Collection-based Raku Documentation

AUTHOR

Richard Hainsworth, aka finanalyst

This Module provides a local website of the Raku documentation that can be made available via a browser at localhost:3000 . The Module uses Collection and Raku::Pod::Render to link all the Rakudoc (aka Pod6) files together.

The website is intended to be served locally with a Cro app. Since making Cro a dependency can cause problems in a testing environment, the META6.json does not have Cro as a dependency. If Cro::HTTP is not installed, the completion plugin will exit with a note.

The Website also demonstrates some of the custom blocks possible using Raku::Pod::Render.

Installation

zef install Collection-Raku-Documentation

This installs the Collection (and other) dependencies and the Raku-Doc executable. These in turn install the the other main distributions and Raku::Pod::Render. By default Raku::Pod::Render does not install the highlighter automatically because node.js and npm are required.

See Highlighting for installation of highlighter.

Raku-Doc

On a Linux based distributions, Raku-Doc depends on git and unzip, which typically are installed by default, to get and unpack other files.

Under Linux, in a terminal, the following will lead to the installation of a local copy of Raku docs and start a Cro app that will make the HTML documentation available in a browser at localhost:30000, and produce a progress status bar for the longer stages.

mkdir ~/raku-collection
    cd raku-collection
    Raku-Doc Init

This sets up a Collection directory by downloading the Website mode from github, then installs the Collection plugins.

By default the Raku/doc repository (containing all the Raku documentation files) will be created in the next step as local_raku_docs.

If a user wants to clone the Raku docs repository elsewhere or has an existing clone of the Raku repository, then the non-default path needs to be put into the config.raku file in the sources-obtain and sources-refresh keys.
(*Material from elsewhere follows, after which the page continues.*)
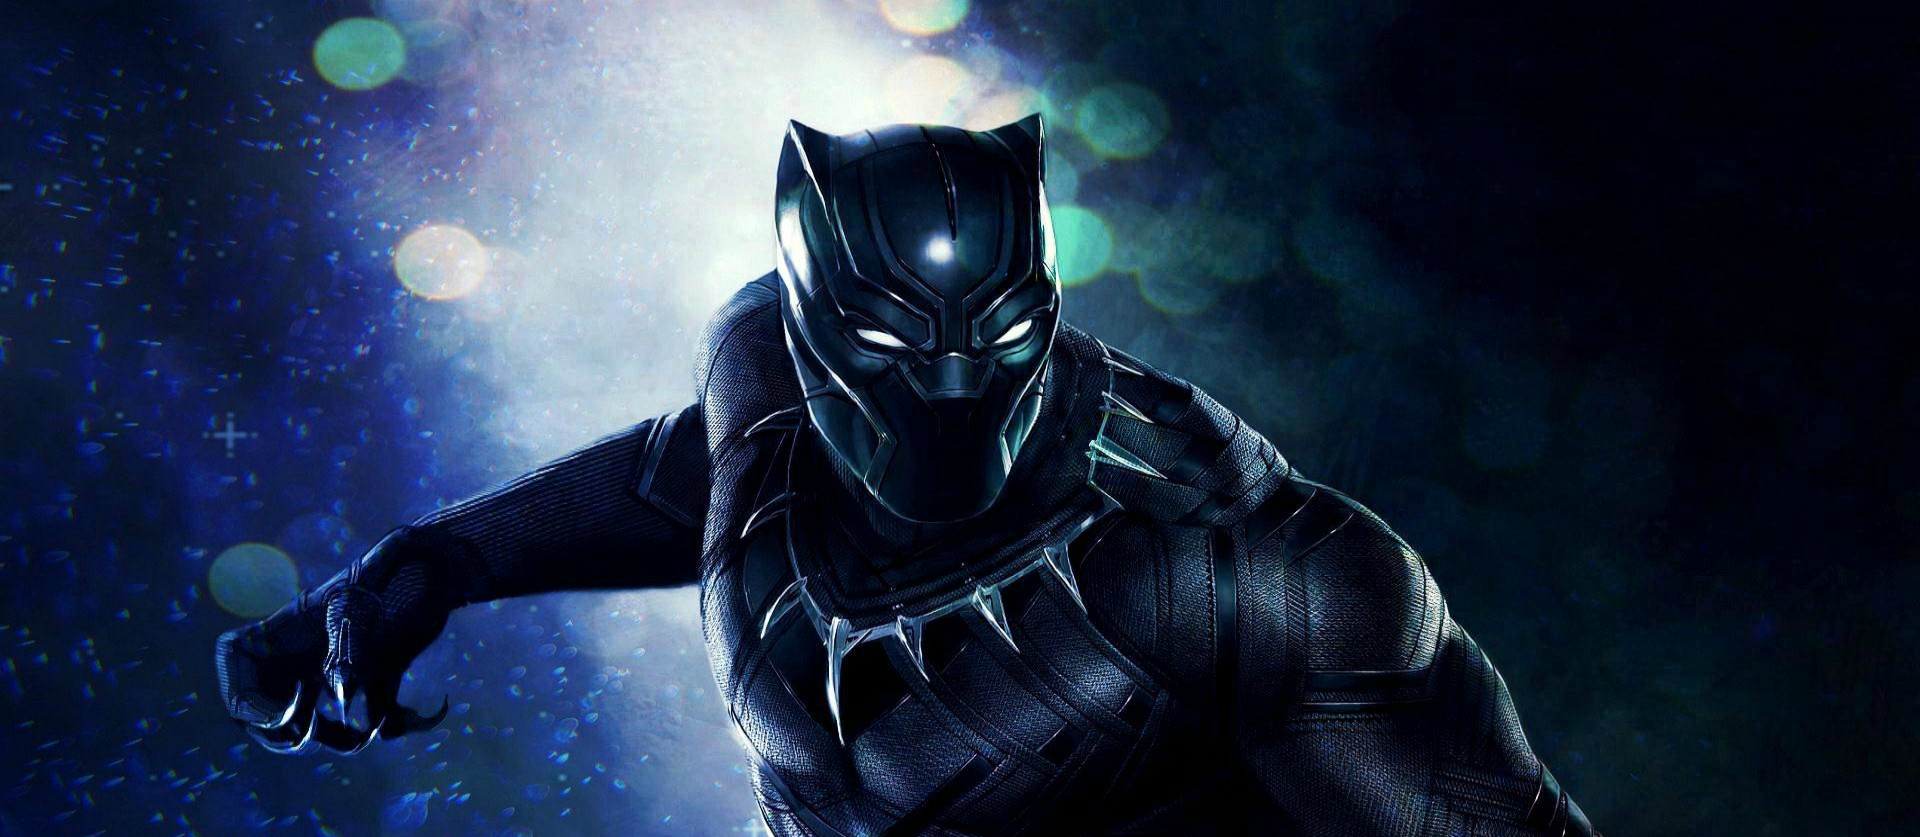 Black Panther’s stunt team don their own mocap super-suit: Xsens MVN

See the documentation for the Collection distribution for more information.

At the next invocation of Raku-Doc, the documentation source will be cloned, cached, and rendered.

For example, to render the full Raku Docs, the following would work, where raku-local is a local directory.

- raku-collection
        - local_raku_docs # this is generated by the git clone command
        - Website # this is generated by runnng 'Raku-Doc Init' in raku-collection
        config.raku # as Website

After the Init stage, calling Raku-Doc without any other options implies the mode Website with default options.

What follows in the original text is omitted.